Rodrigues noted that Harding “voluntarily left her position in Hudson in June 2013.”

Rodrigues did not begin working in Hudson until 2017. JFK, meanwhile, closed in 2013. It was replaced by Quinn Middle School.

The suit, filed on Oct. 12 in Norfolk County Superior Court, named Harding as a defendant alongside the Town of Hudson, former Superintendent Kevin Lyons, former JFK Middle School Principal Brian Daniels and current Quinn Middle School Assistant Principal Matthew Gaffny. An unidentified “Defendant Six” was also listed. They were said to be an individual or individuals, some unknown to the plaintiff, that had a supervisory responsibility over Harding.

A civil complaint filed with the court detailed a long list of alleged interactions between Harding and the student.

It, in turn, came after Harding was already indicted on a number of criminal charges earlier this year.

Filings in that criminal case further detail alleged sexual assaults by Harding.

The civil complaint alleges that Gaffny and other school staff met with the student’s parents during the 2009-2010 school year “about Plaintiff spending so much time in Defendant Harding’s classroom and Defendant Harding’s attentions to Plaintiff.”

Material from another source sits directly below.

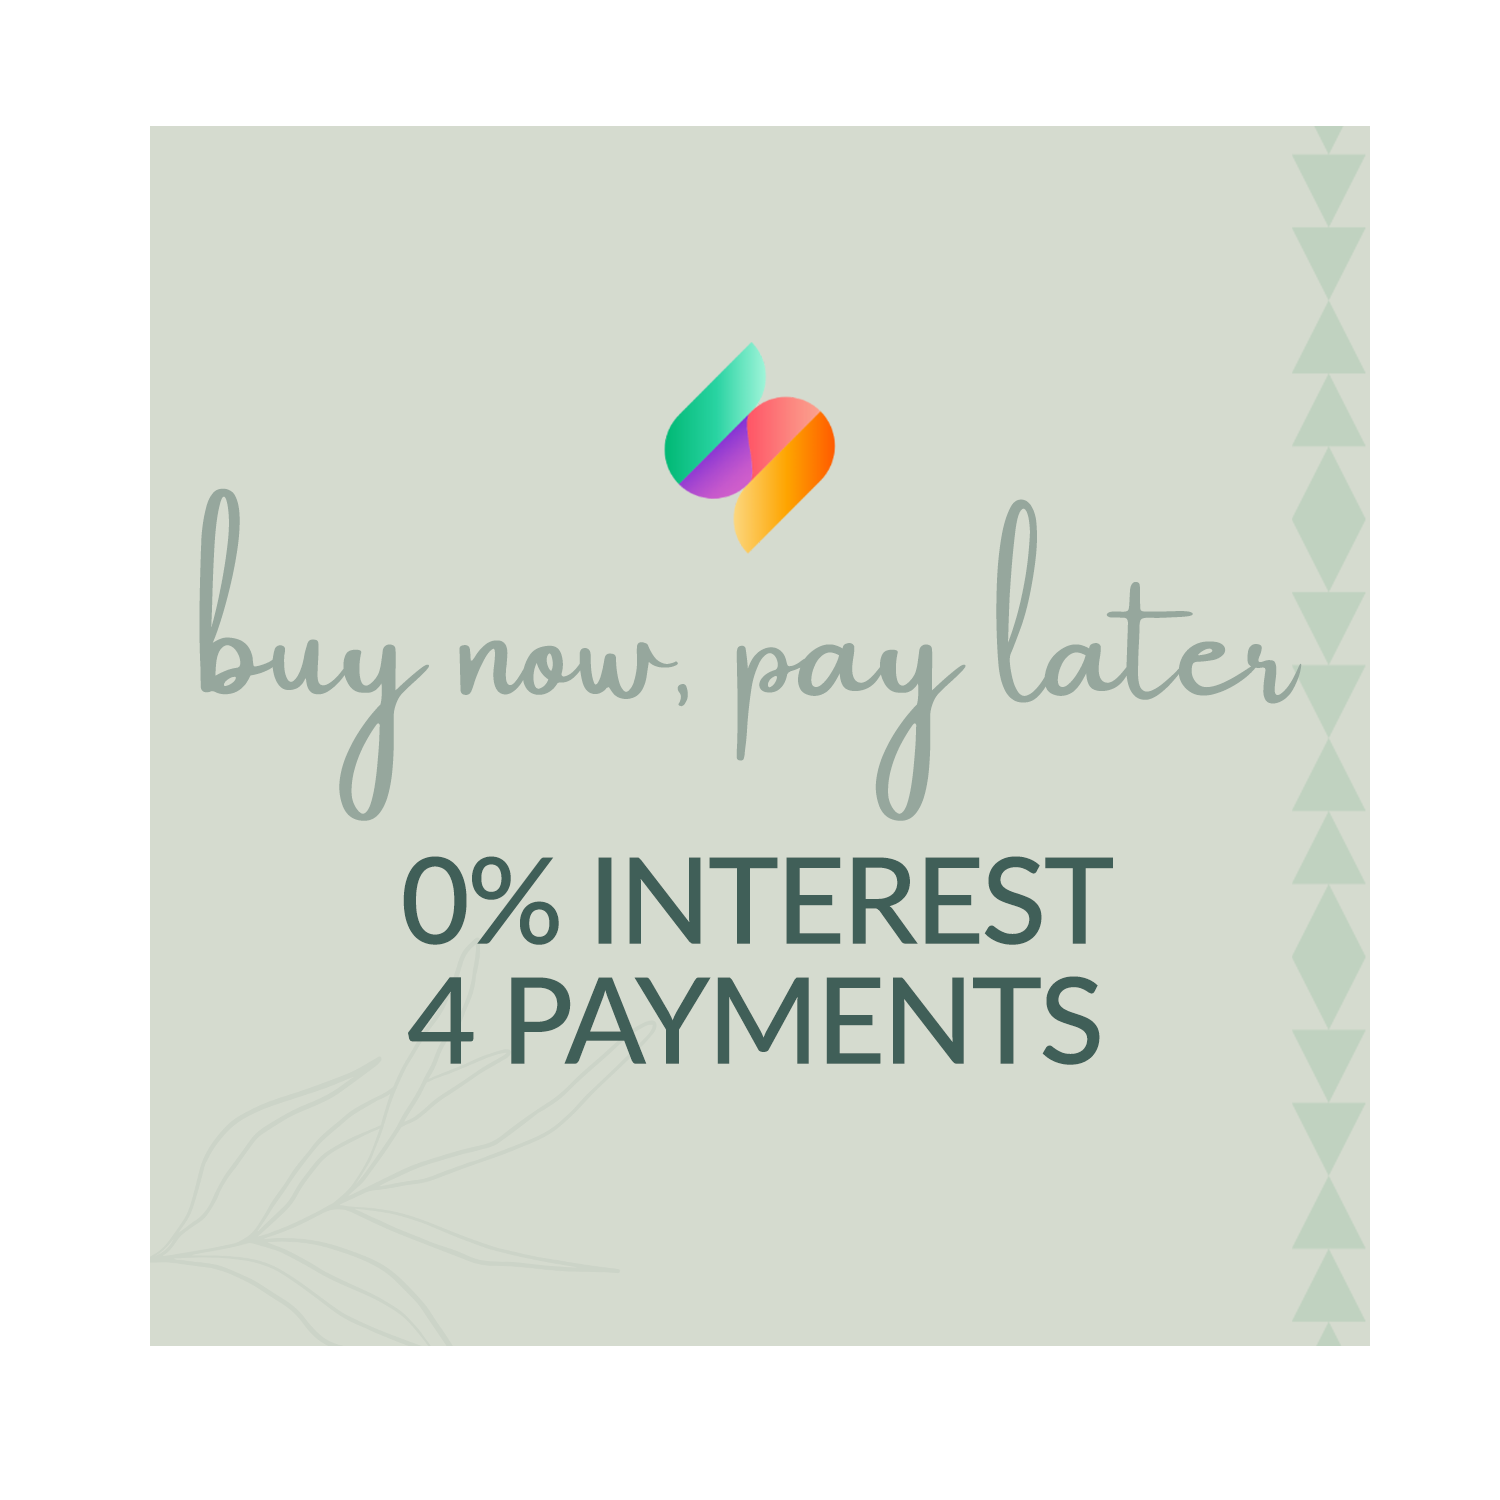 Sezzle: Buy now, pay later 0% interest, 4 payments

The student allegedly had classes moved to a different part of the middle school building following that meeting. Harding, meanwhile, remained employed by the district through the 2013 school year.

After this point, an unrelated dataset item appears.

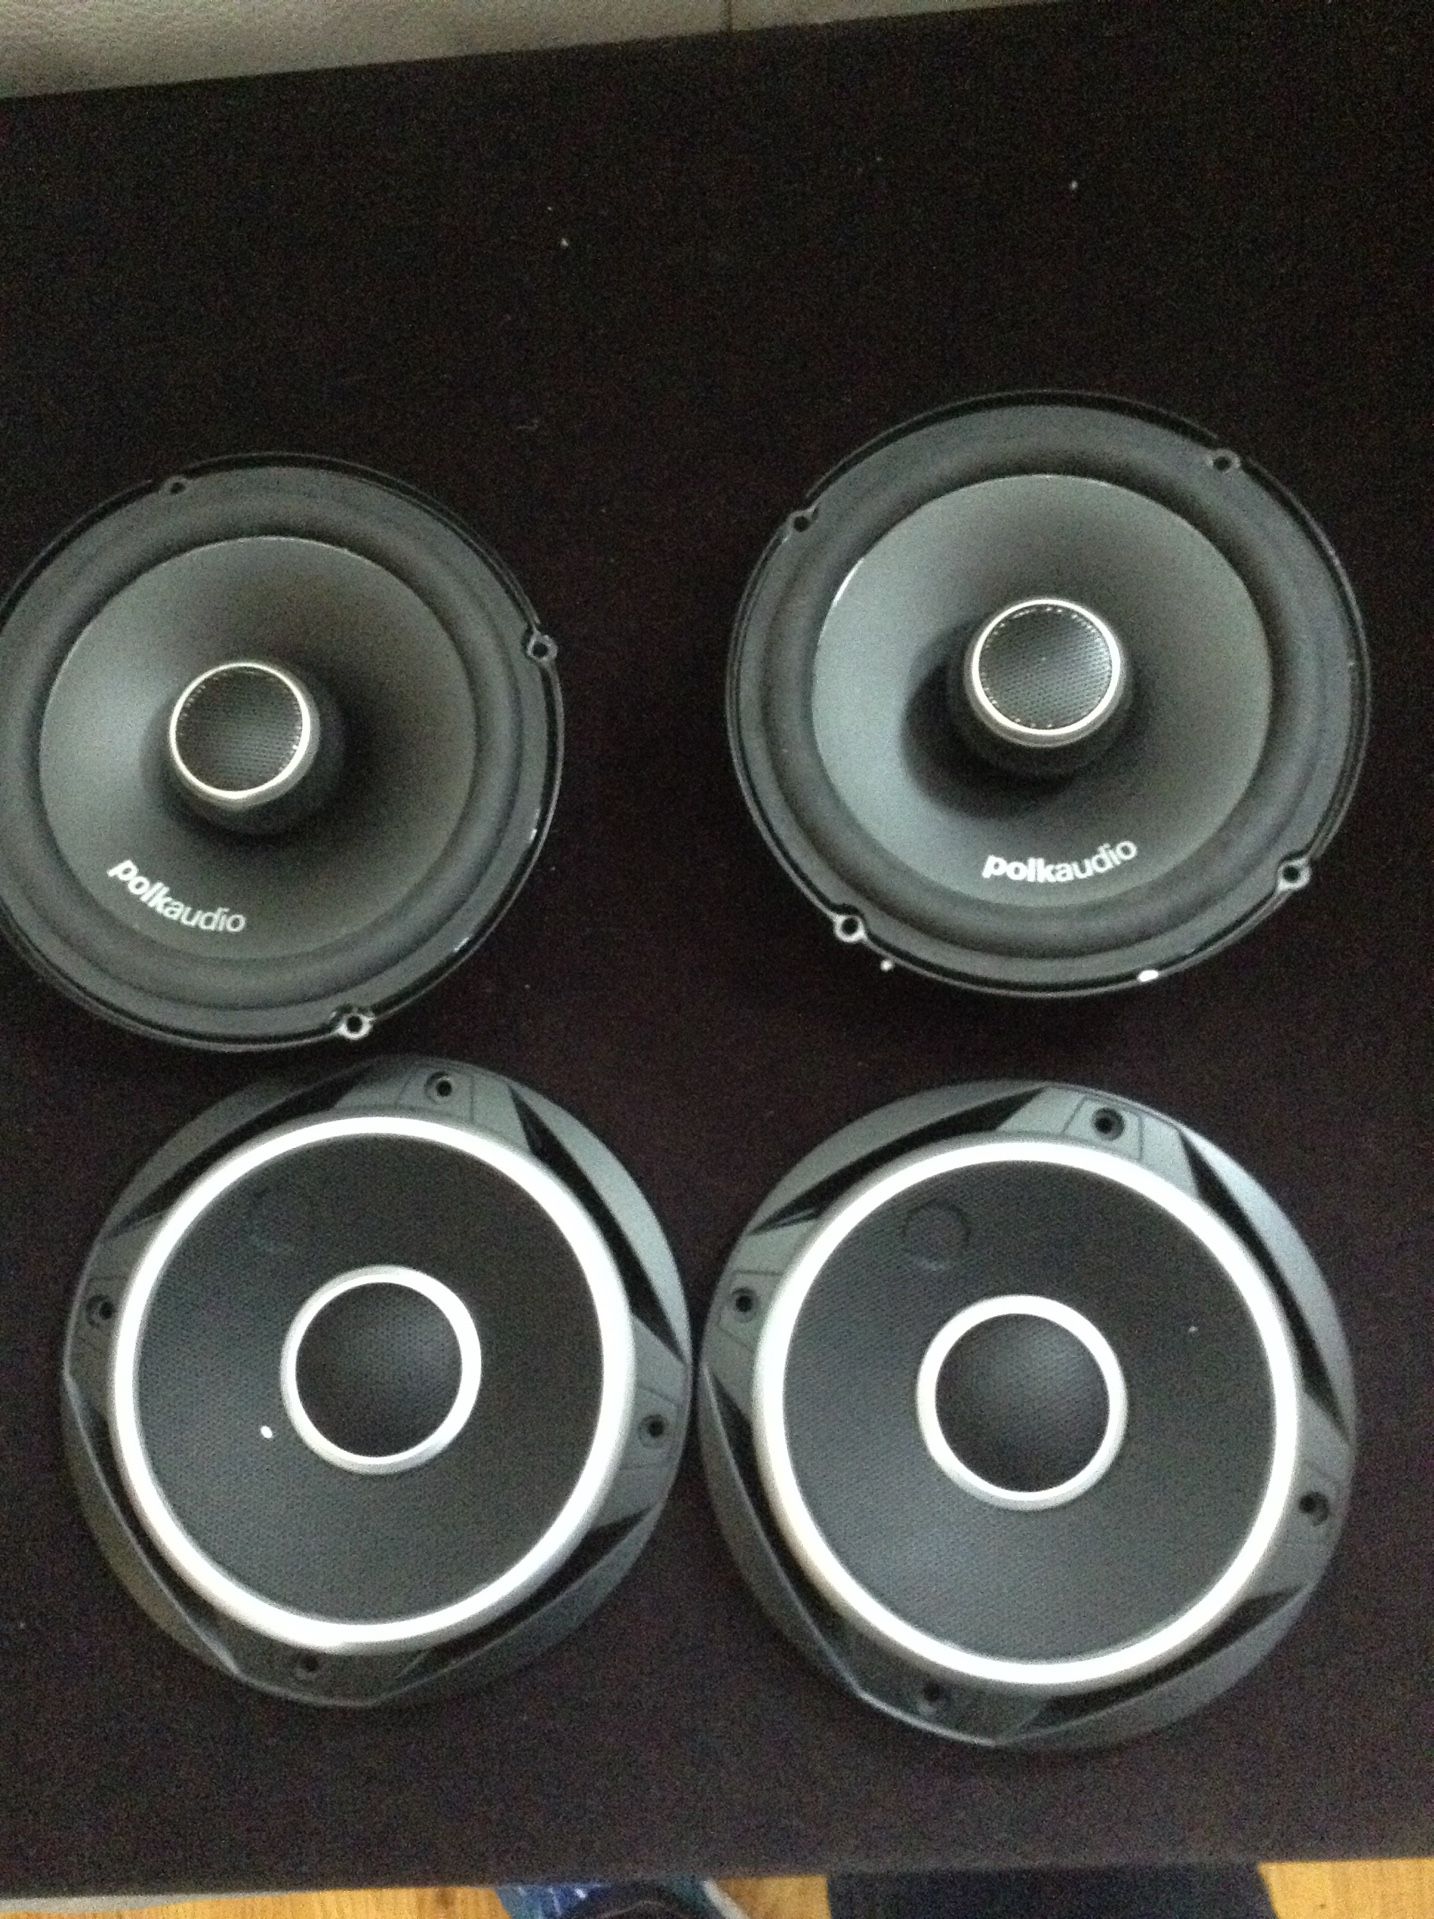 Polk Audio Dxi 650 with covers 6.5". Great condition

“At no time during or after her employment in Hudson have we ever received information indicating that she engaged in conduct that involved any degree of potential or actual harm to students,” Rodrigues wrote, this week. “Had we received indication of such conduct while she was employed here, Hudson Schools would have taken swift and decisive action, and had we learned of it during the ensuing eight years after she left, we would have immediately reported it to law enforcement and to DESE.”

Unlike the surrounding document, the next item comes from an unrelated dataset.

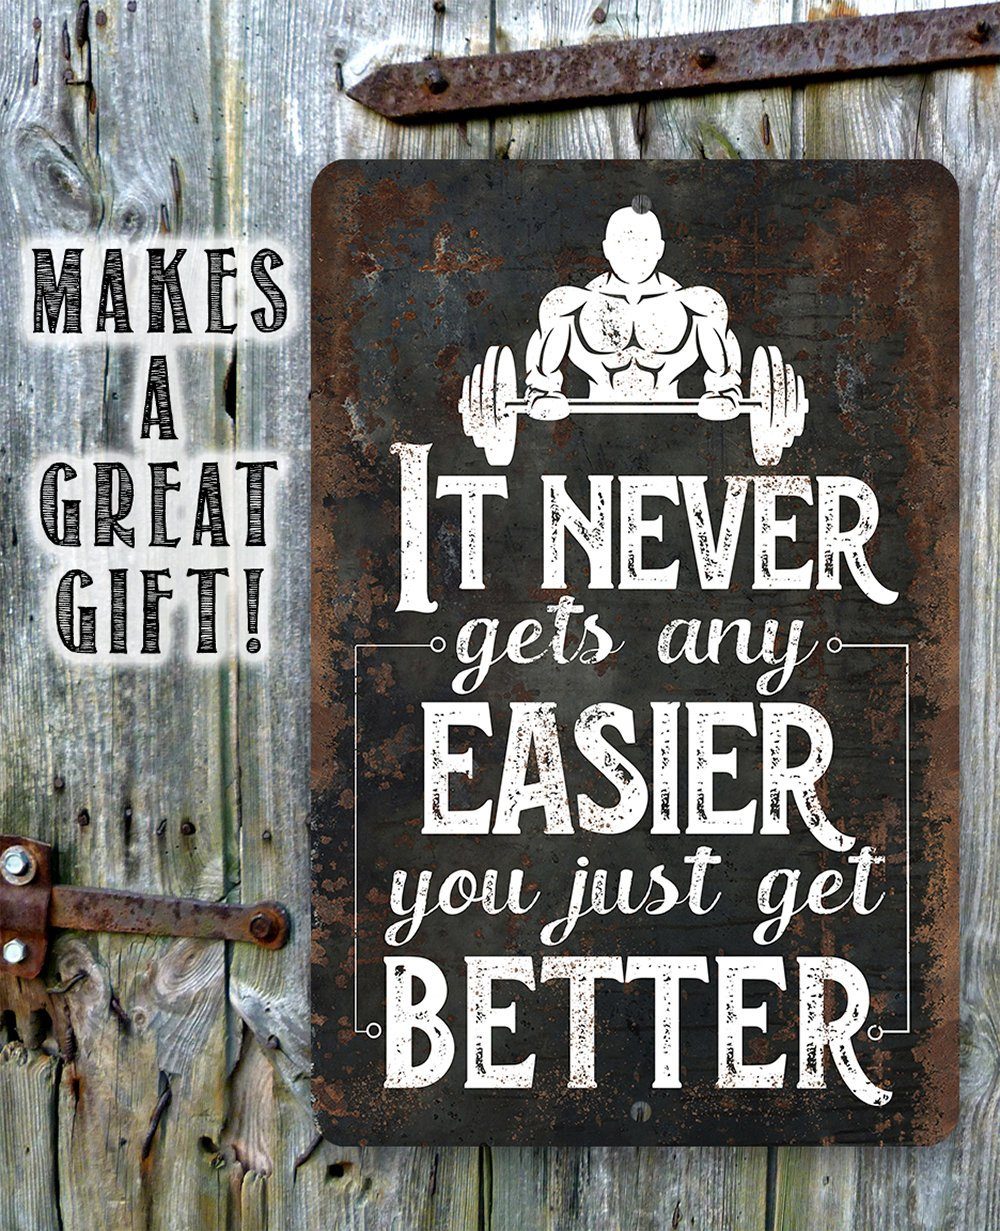 It Never Gets Any Easier - Metal Sign | Lone Star Art.

The plaintiff in the civil case against Harding is being represented by Attorney Mitchell Garabedian.

Garabedian has spent much of his career representing victims and survivors of sexual abuse. He earned particular recognition for his work on cases involving members of the clergy beginning in the 1990s and 2000s.

Defendants in this case had not been formally served papers as of Oct. 15 according to state records.

“We do not, and will not, tolerate any behavior by employees that jeopardizes the health, safety, and welfare of our students,” Rodrigues said in his statement.

“We also have in place a system that requires prompt reporting of, and response to, conduct that could jeopardize a student’s safety,” he added.